Our results support our primary goal of identifying a previously approved drug that may allow us to deplete mitotic NSCs from an otherwise differentiated population of dopaminergic neurons, thus ensuring their safety for use in transplantation. Importantly, this automated screening assay allowed us to interrogate some of the specific molecular mechanisms that may be responsible for the targeted cytotoxic effect amiodarone HCL had on NSCs and not cells differentiated from NSCs. While we do not purport to know the molecular mechanisms by which amiodarone HCL leads to the toxicity we observed in NSCs, it is notable that the results of our automated screening, including GSEA and microarray analysis, are all consistent with published literature that implicates the roles of ion channels and TNFα signaling in amiodarone-mediated cytotoxicity. This suggests that our automatic screening assay is specifically measuring the effect amiodarone HCL has on different populations of cells. Our methodology can also be easily expanded to other screens in the neural system. For example, we note that purified populations of motor neurons and oligodendrocytes are now readily available from hESCs and our screening strategy can likely be extended to these cell populations as well.
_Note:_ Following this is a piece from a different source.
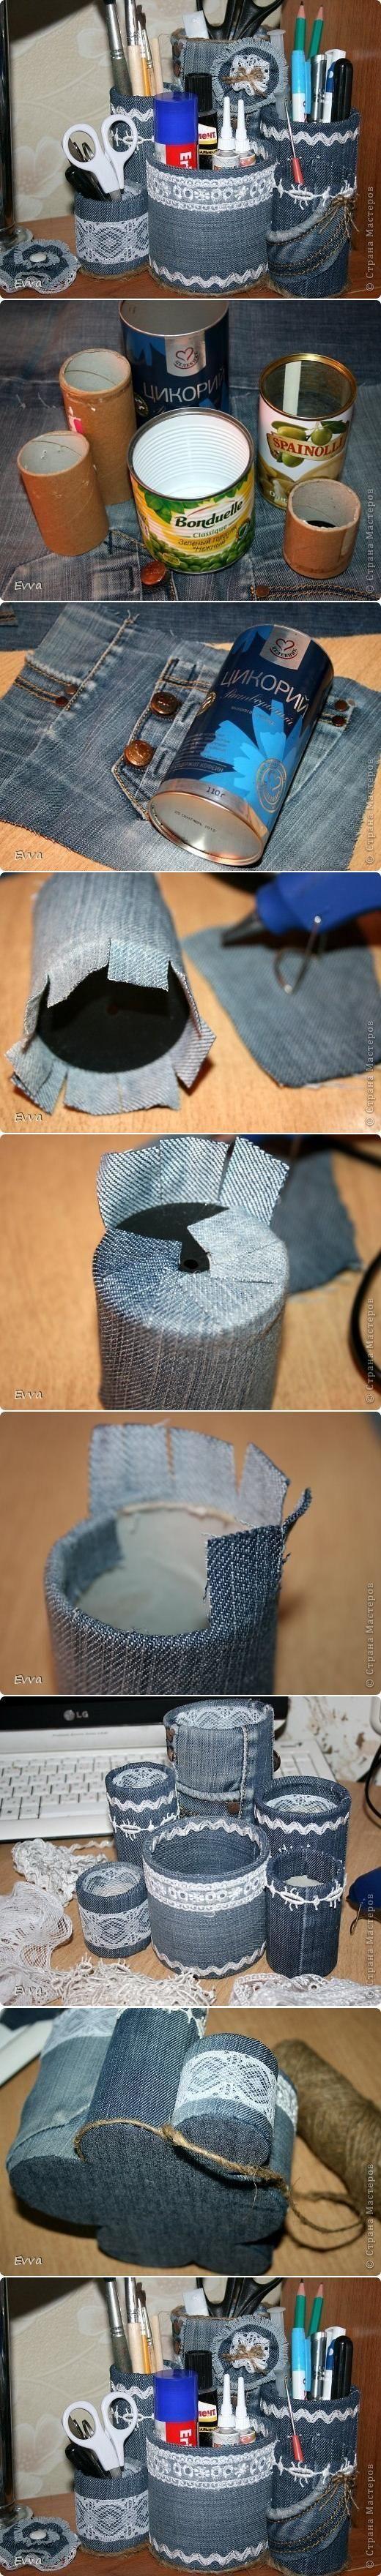 Recyclage cr atif des boites de conserve 23 id es pour vous inspirer - Recycler les boites de conserve ...
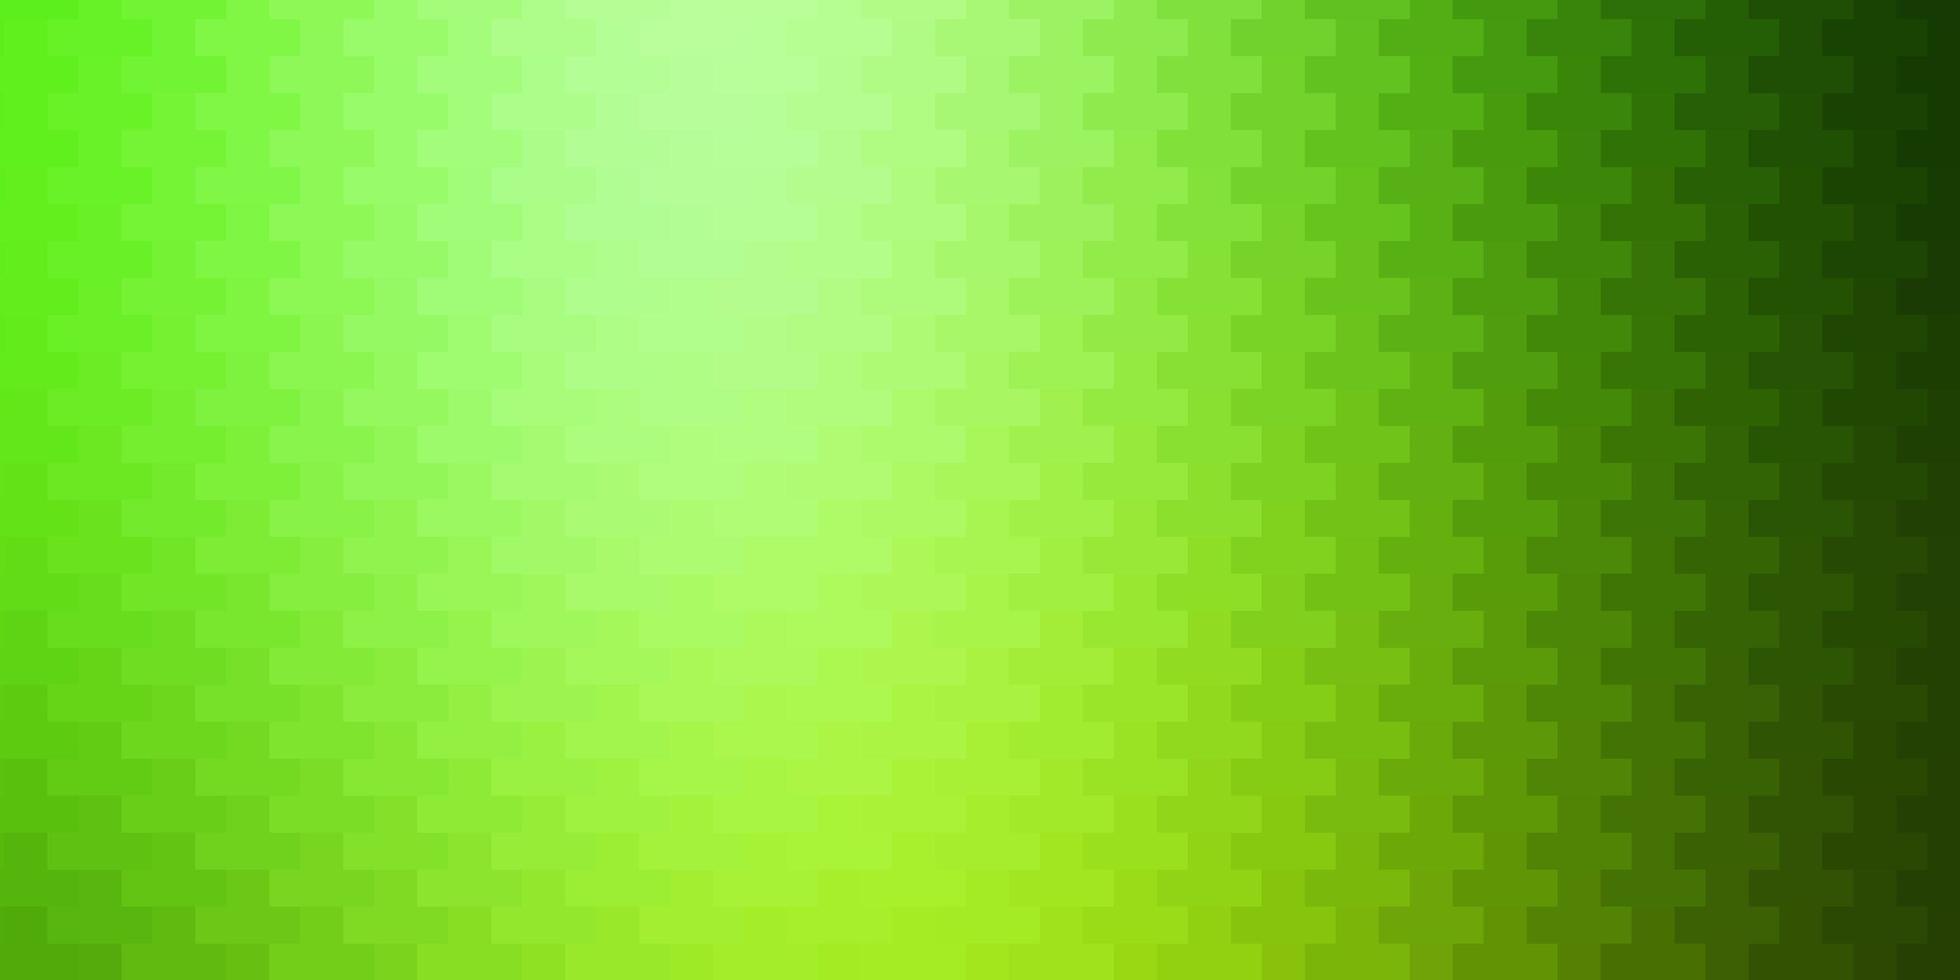 padrão de vetor verde claro em estilo quadrado.

In conclusion, we describe a method using hESCs and their differentiated neural derivatives that permits the rapid screening of clinically approved drugs for compounds that can be safely used to selectively deplete progenitor cells from a differentiated cell product. Importantly, this approach is adaptable for use in a Chemistry, Manufacture and Control drug screening protocol and may have applications in identifying lineage specific reagents, thus providing additional evidence for the utility of stem cells in screening and discovery paradigms.